WORKING DATA
* * * * *

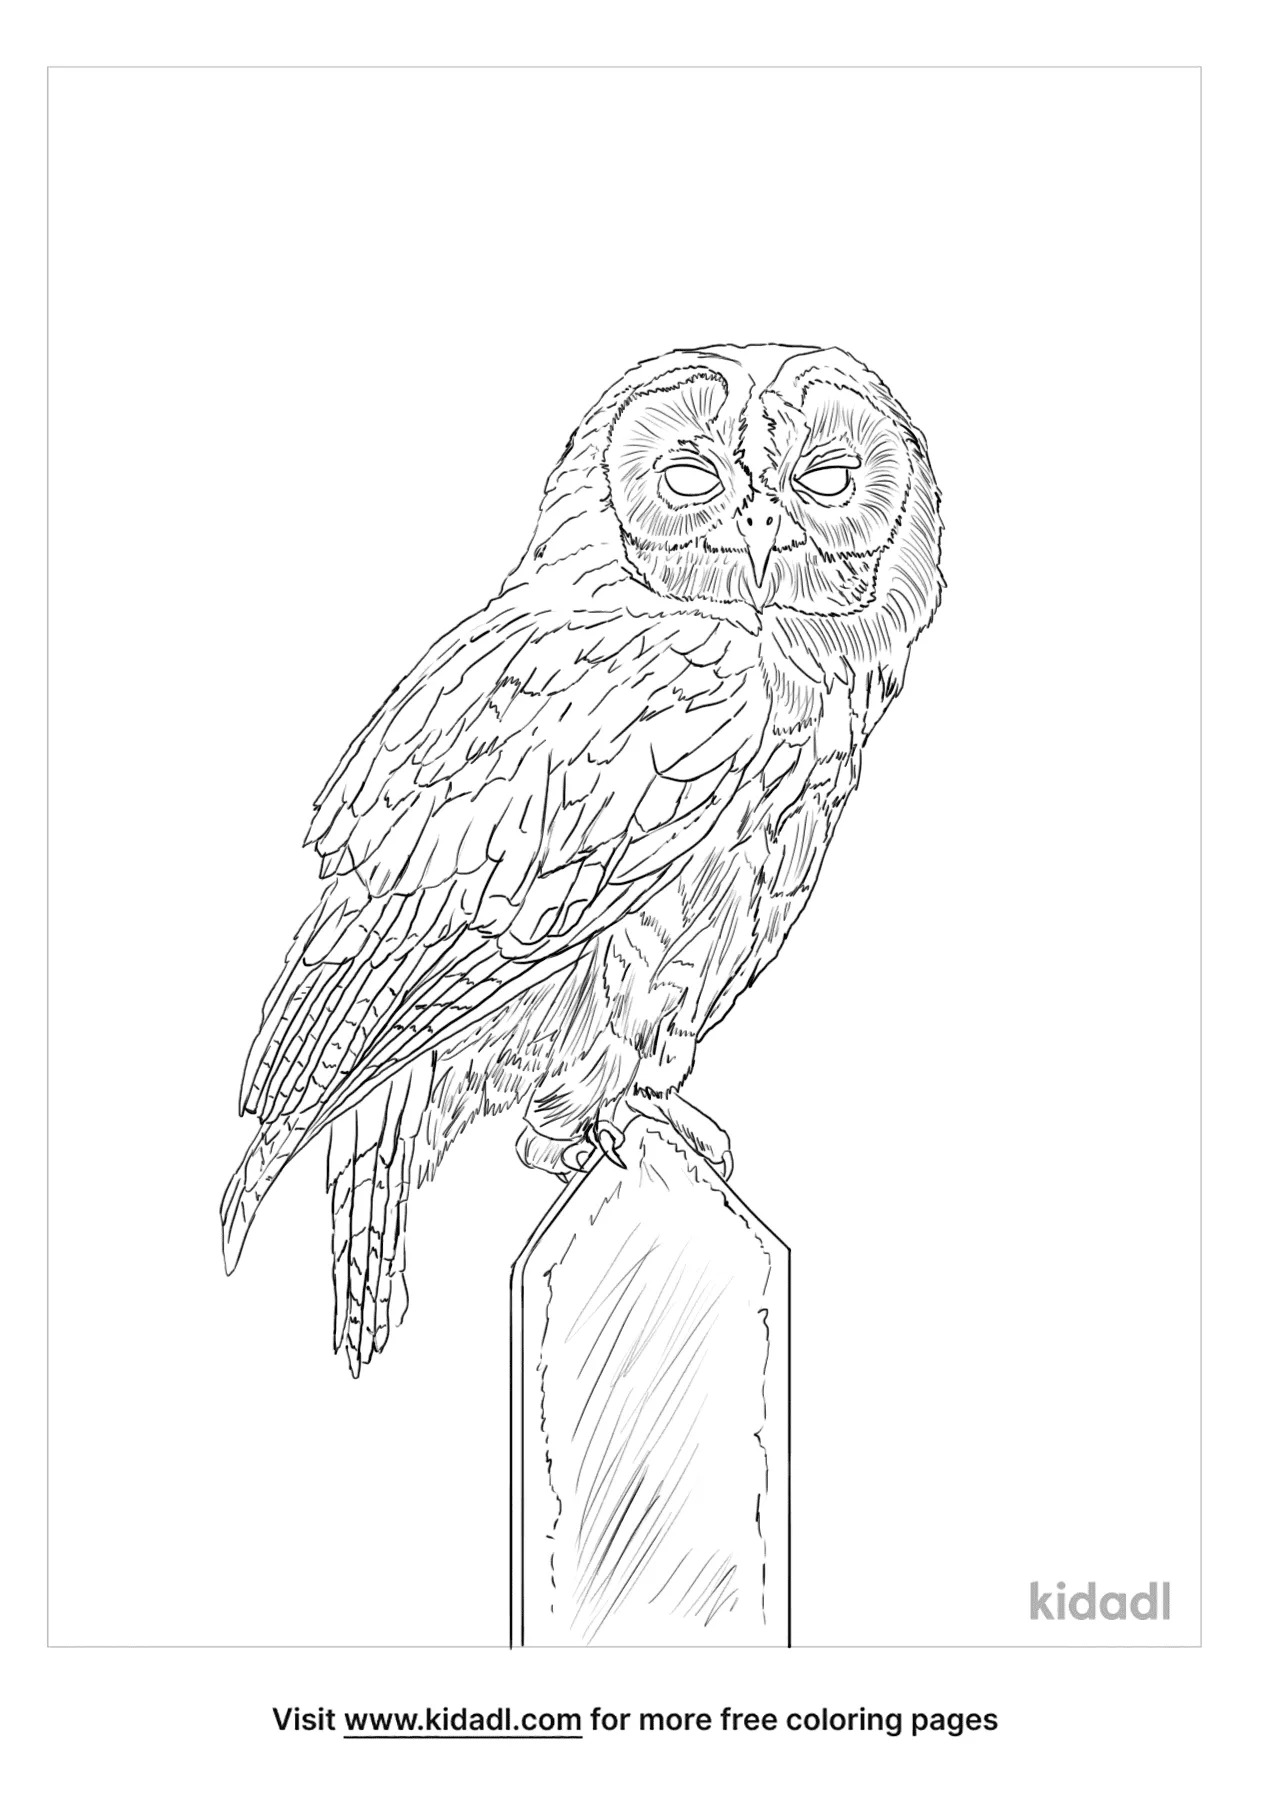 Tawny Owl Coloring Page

* * * * *

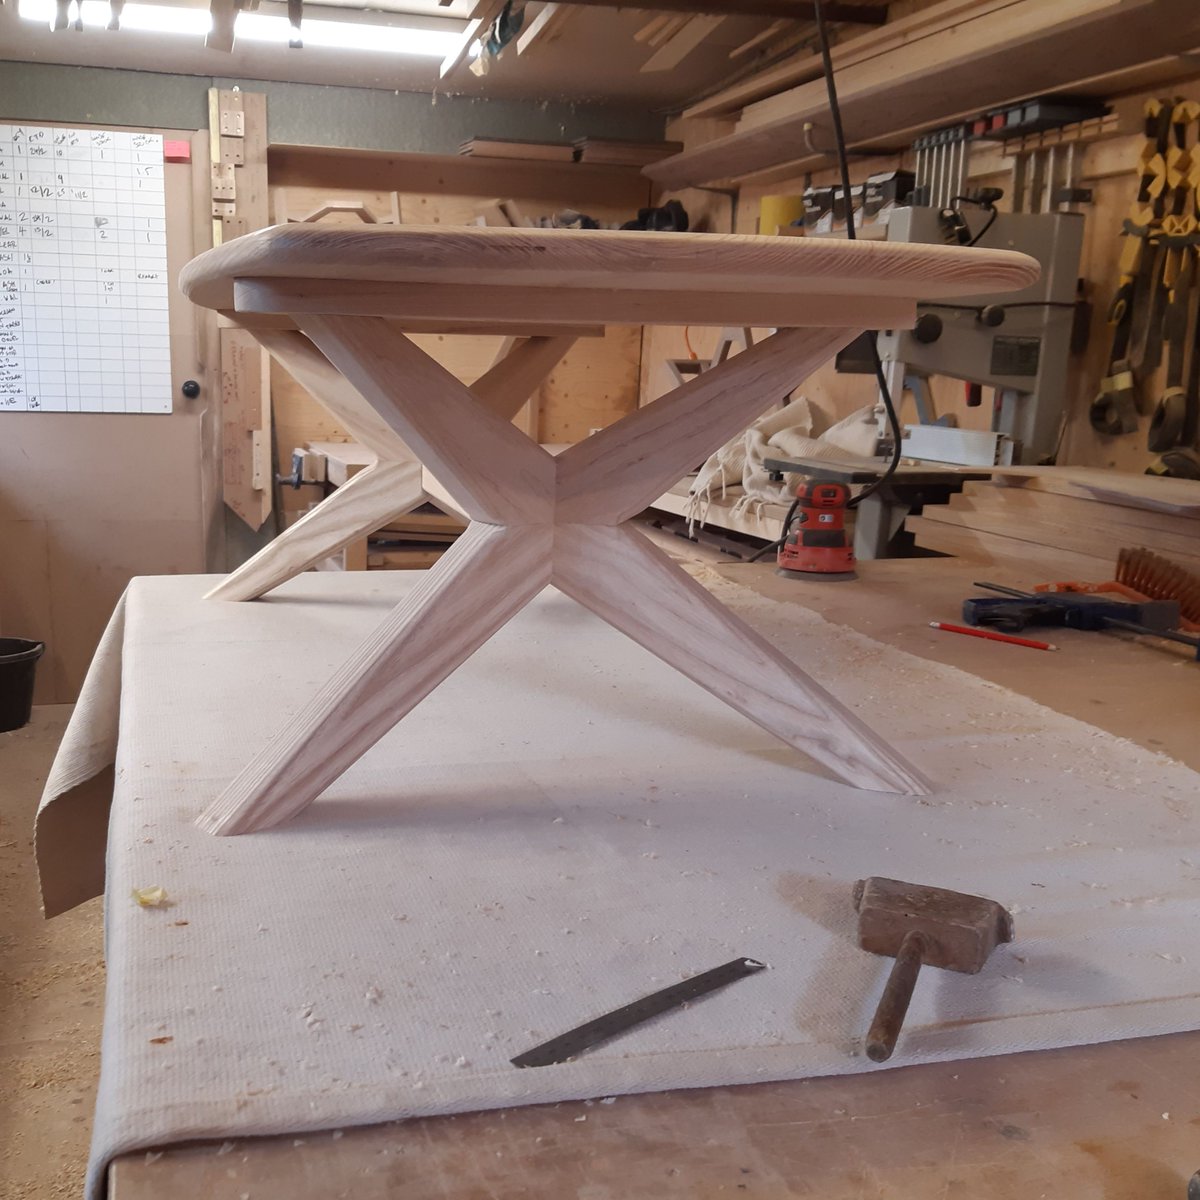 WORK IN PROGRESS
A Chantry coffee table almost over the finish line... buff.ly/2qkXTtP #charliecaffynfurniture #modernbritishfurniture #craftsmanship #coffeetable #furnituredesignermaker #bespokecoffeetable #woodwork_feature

* * * * *

TO DO
From the entries above, copy exactly the lines starting at the one with "WORK IN PROGRESS" and stopping at the one with "A Chantry coffee", keeping both ends. Drop the pictures.

EXPECTED ANSWER
 WORK IN PROGRESS
A Chantry coffee table almost over the finish line... buff.ly/2qkXTtP #charliecaffynfurniture #modernbritishfurniture #craftsmanship #coffeetable #furnituredesignermaker #bespokecoffeetable #woodwork_feature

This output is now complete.